If you will be visiting many locations or intend to go on a hike during the day, it is vital to bring equipment that can assist you and guarantee a safe journey. Here is what to bring:
- Portable GPS
- Compass and map (It is a good back-up for the GPS)
- Chargers (If you will be traveling near any charging stations. However, before you depart, ensure that all of your gadgets are fully charged.)
- Maps or a guidebook
- Pen or pencil
- Two-way radios (If you will be in a larger group)
- Flashlights or headlamps (And extra batteries)
- Travel lantern
Here is what you will need to sleep as safely and comfortably as possible:
- Tent (Be double sure you have all the necessary poles and stakes)
- Mallet (For securing the stakes in the ground, if you are car camping)
- Sunshade or tarp
- Sleeping bags
- Sleeping pads or a light air mattress
- Travel pillows
- Folding chairs and table (if car camping)
- Pocket knife for any quick cutting needs
Camping is about spending quality time with your family and friends without the usual high-tech diversions getting in the way. Using these ideas, you can make the most of your experience:
- Travel-sized board games
- Playing cards
- Fishing gear (Poles, reels, line, lures, tackle, and so on)
- Kayaking gear (paddles, Life jackets, and repair kit)
- Bikes (Do not forget locks!)
- S’mores ingredients (You did not think we would let one go camping without the most essential outdoor treat, did you?)

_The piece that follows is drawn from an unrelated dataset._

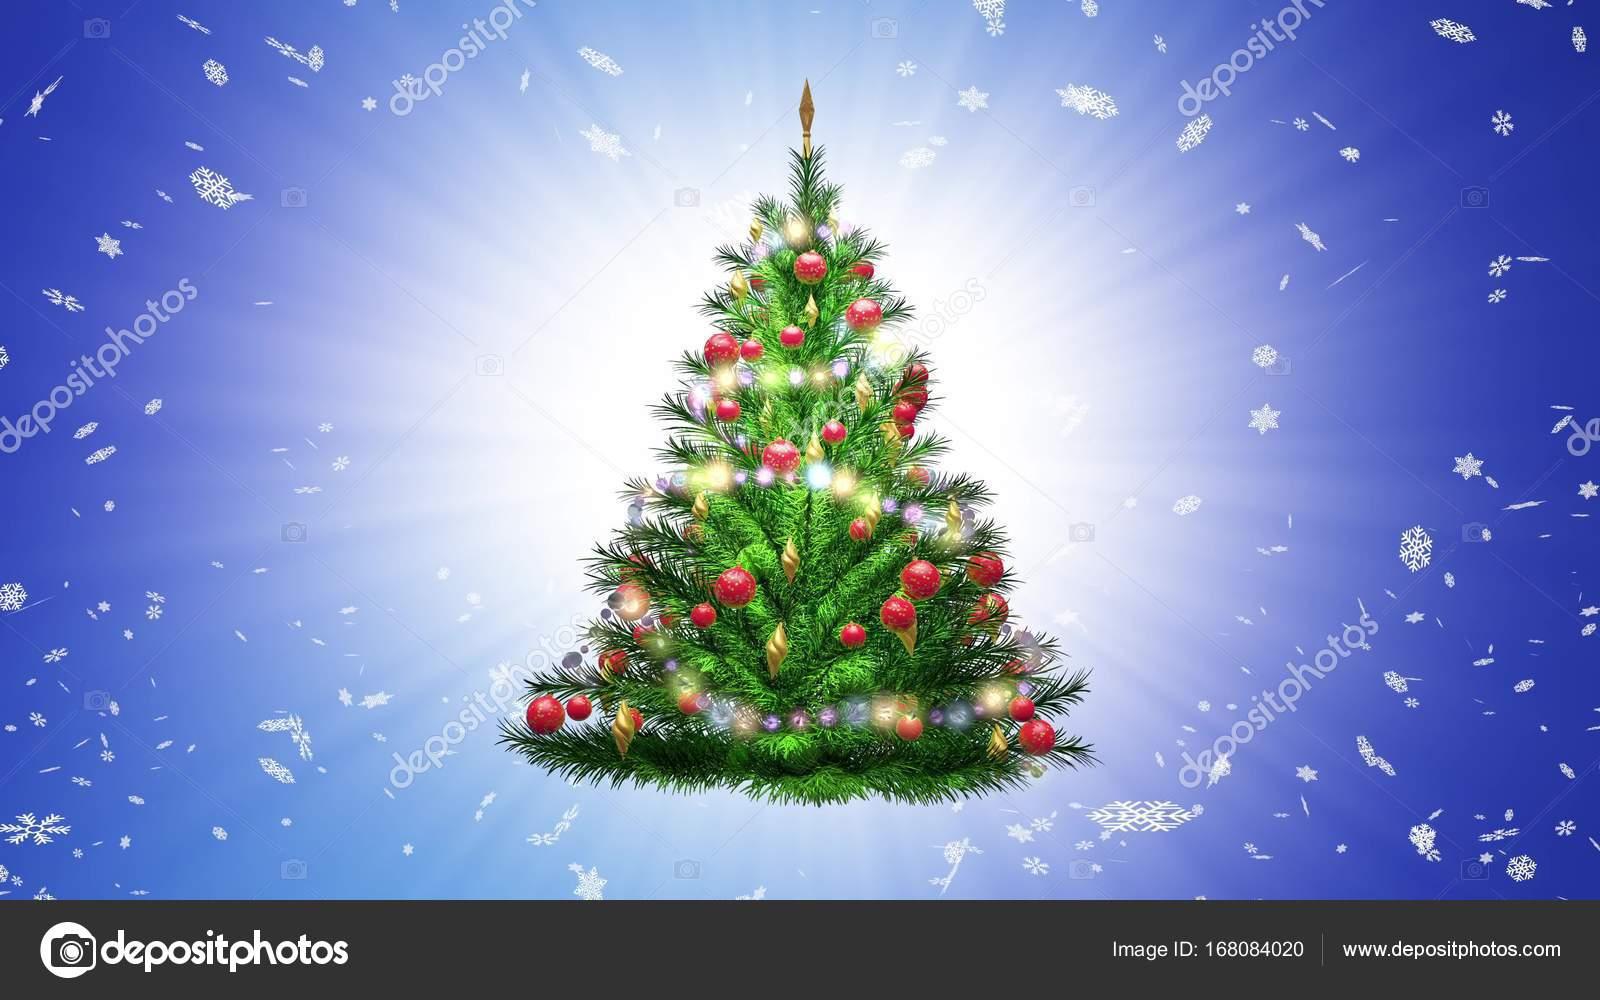 Bolas De Navidad Rojas Sobre Fondo Verde: Fondo Azul Con Bolas De Navidad Y Copos De Nieve

This is a thorough list, and you may certainly get by without some of it — it simply depends on the sort of trip you are planning. For example, if you intend on walking most of the days with a tent set up in various locations each night, leave the board games at home and stock up on hiking supplies instead. If you are staying in one place, put the bikes on the rack and bring along as many games as possible for a lot of fun overnights in nature.